The $30K/Month Threshold
Below $30K/month in API spend, self-hosting rarely makes sense:
def should_self_host(monthly_api_spend: float) -> dict:
# Infrastructure costs (conservative)
gpu_cost = 8000 # 2x H100, reserved pricing
engineering_cost = 25000 # 0.5-1 FTE to maintain
ops_overhead = 5000 # Monitoring, on-call, misc
self_host_cost = gpu_cost + engineering_cost + ops_overhead
return {
"api_cost": monthly_api_spend,
"self_host_cost": self_host_cost,
"savings": monthly_api_spend - self_host_cost,
"recommendation": "self-host" if monthly_api_spend > 38000 else "use API"
}
# The math:
# $30K API spend: -$8K/month (lose money)
# $50K API spend: +$12K/month (save money)
# $100K API spend: +$62K/month (significant savings)

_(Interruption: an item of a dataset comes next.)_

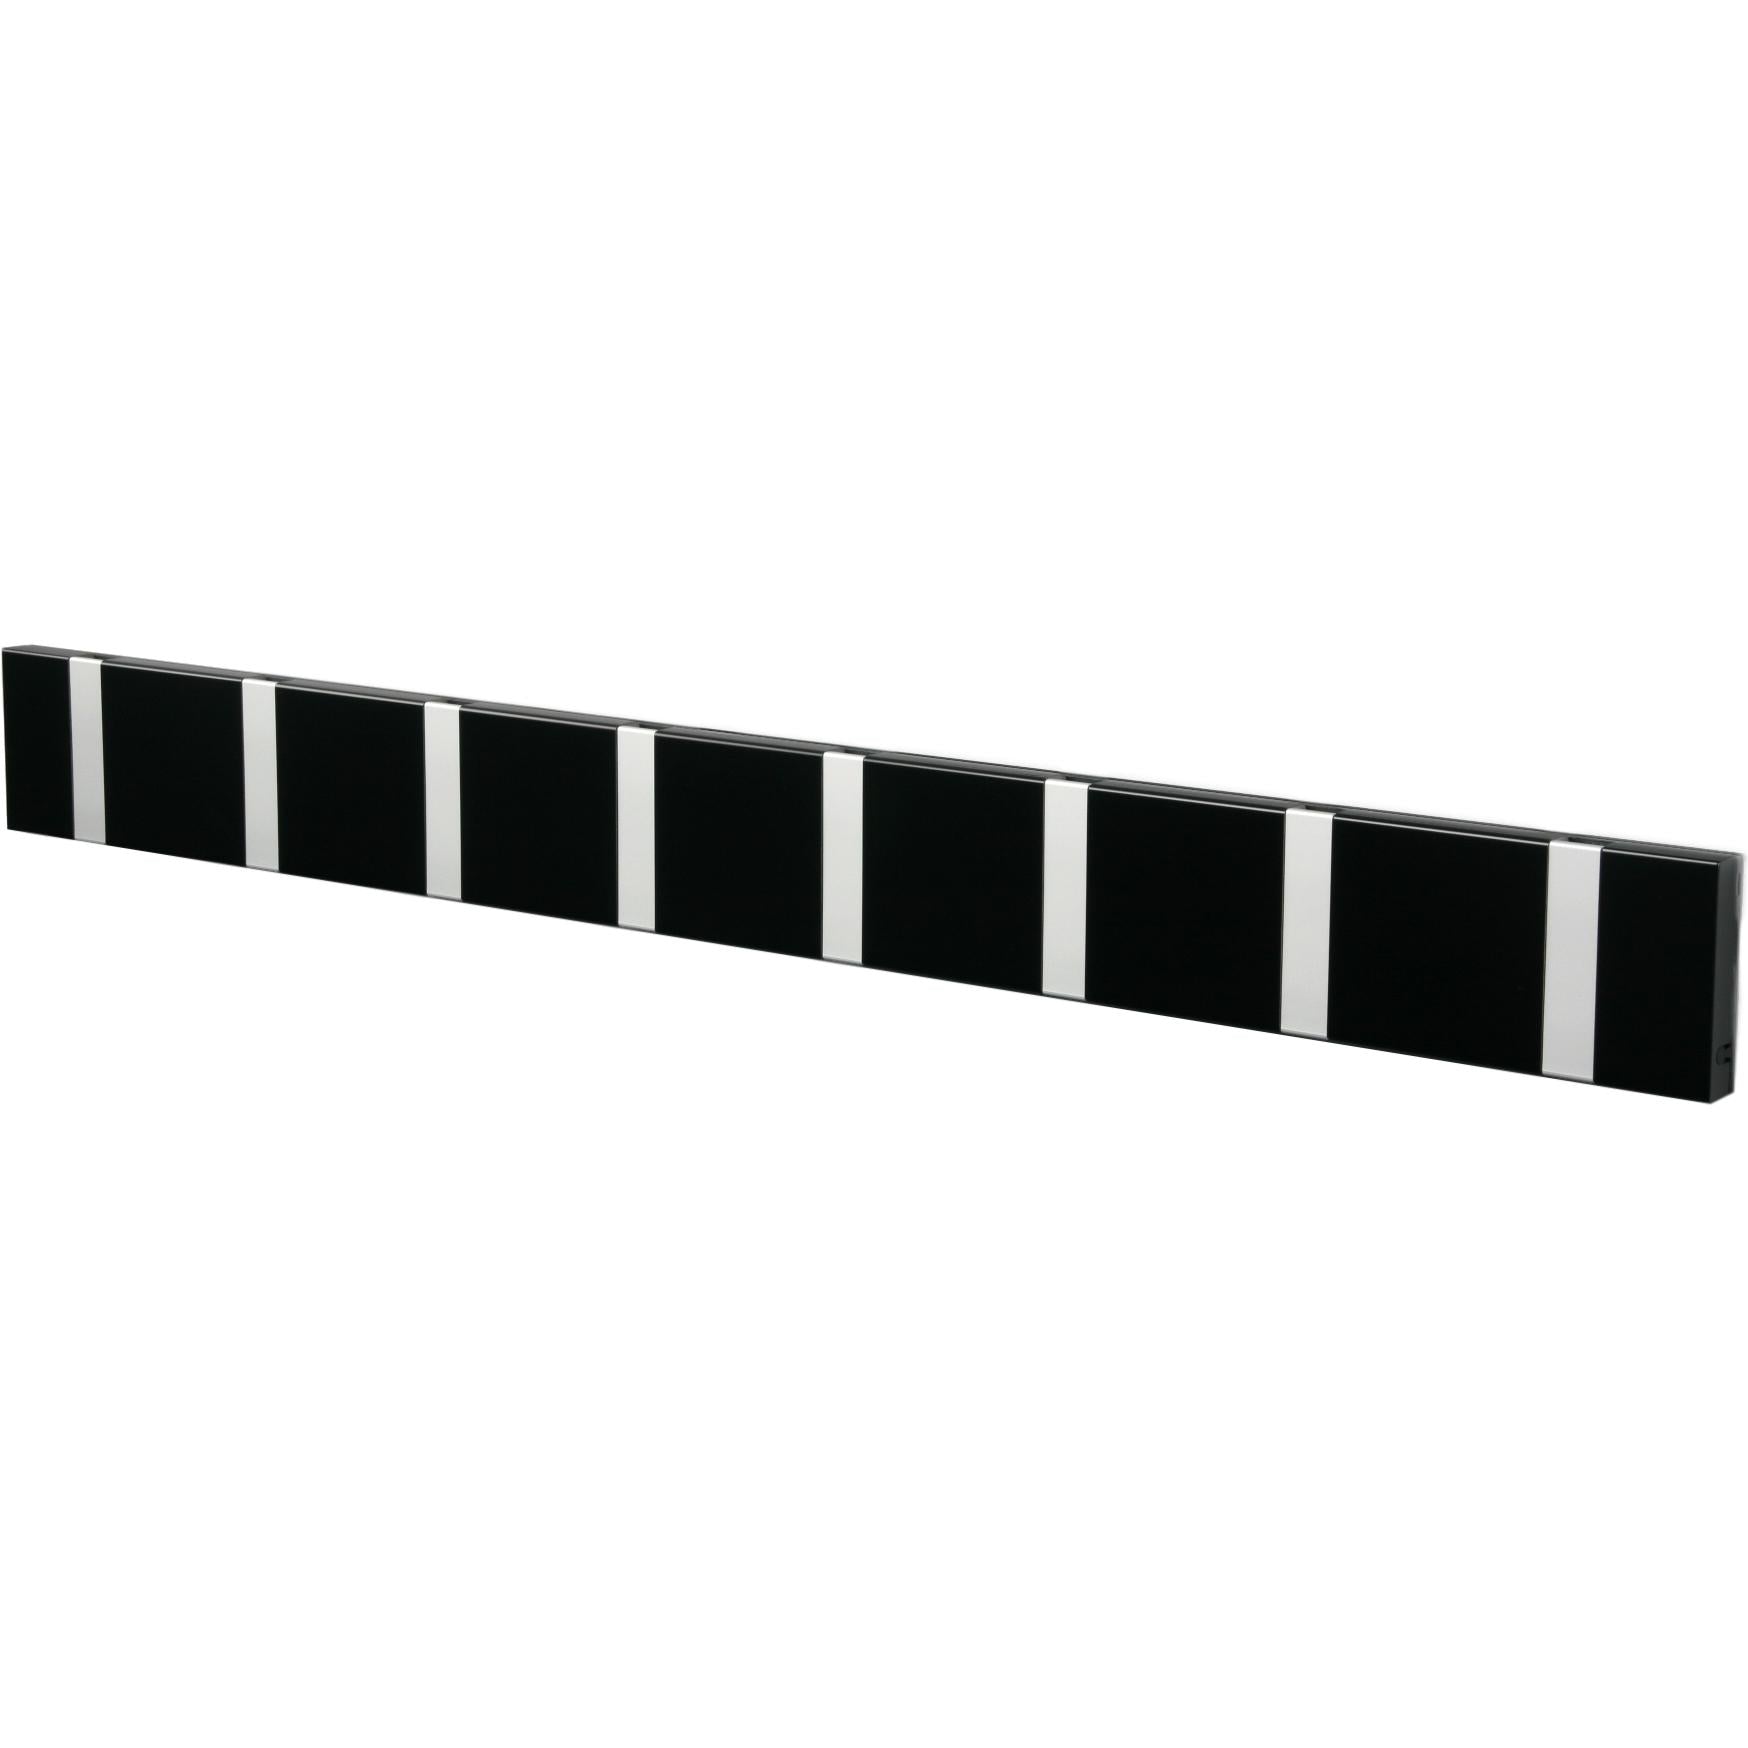 Loca Knax horizontale laagrek 8 haken, zwart/grijs

The Engineering Cost Nobody Counts
Self-hosting isn't "deploy and forget":
class SelfHostingReality:
def __init__(self):
self.obvious_costs = {
"gpu_compute": "What you planned for",
"networking": "Usually underestimated",
"storage": "Checkpoints add up",
}
self.hidden_costs = {
"on_call": "GPU failures at 3am",
"model_updates": "New versions need testing",
"security_patches": "CUDA, drivers, OS",
"capacity_planning": "Scaling isn't automatic",
"debugging": "Why is latency high today?",
}
def true_eng_time_per_month(self) -> str:
# Per engineer estimate
return """
Incidents: 10-20 hours
Updates: 8-16 hours
Optimization: 10-20 hours
Planning: 5-10 hours
Total: 33-66 hours/month = 0.2-0.4 FTE minimum
"""
The Comparison Framework
def total_cost_of_ownership(
monthly_tokens: int,
api_price_per_million: float,
team_size: int,
growth_rate: float, # Monthly
) -> dict:
# API costs (scales linearly)
year_one_api = sum([
monthly_tokens * api_price_per_million / 1_000_000 * (1 + growth_rate) ** month
for month in range(12)
])
# Self-host costs
setup_cost = 50_000 # Engineering time to get running
monthly_infra = 15_000 # GPUs, networking, storage
monthly_eng = 20_000 # Ongoing maintenance (0.5 FTE + partial others)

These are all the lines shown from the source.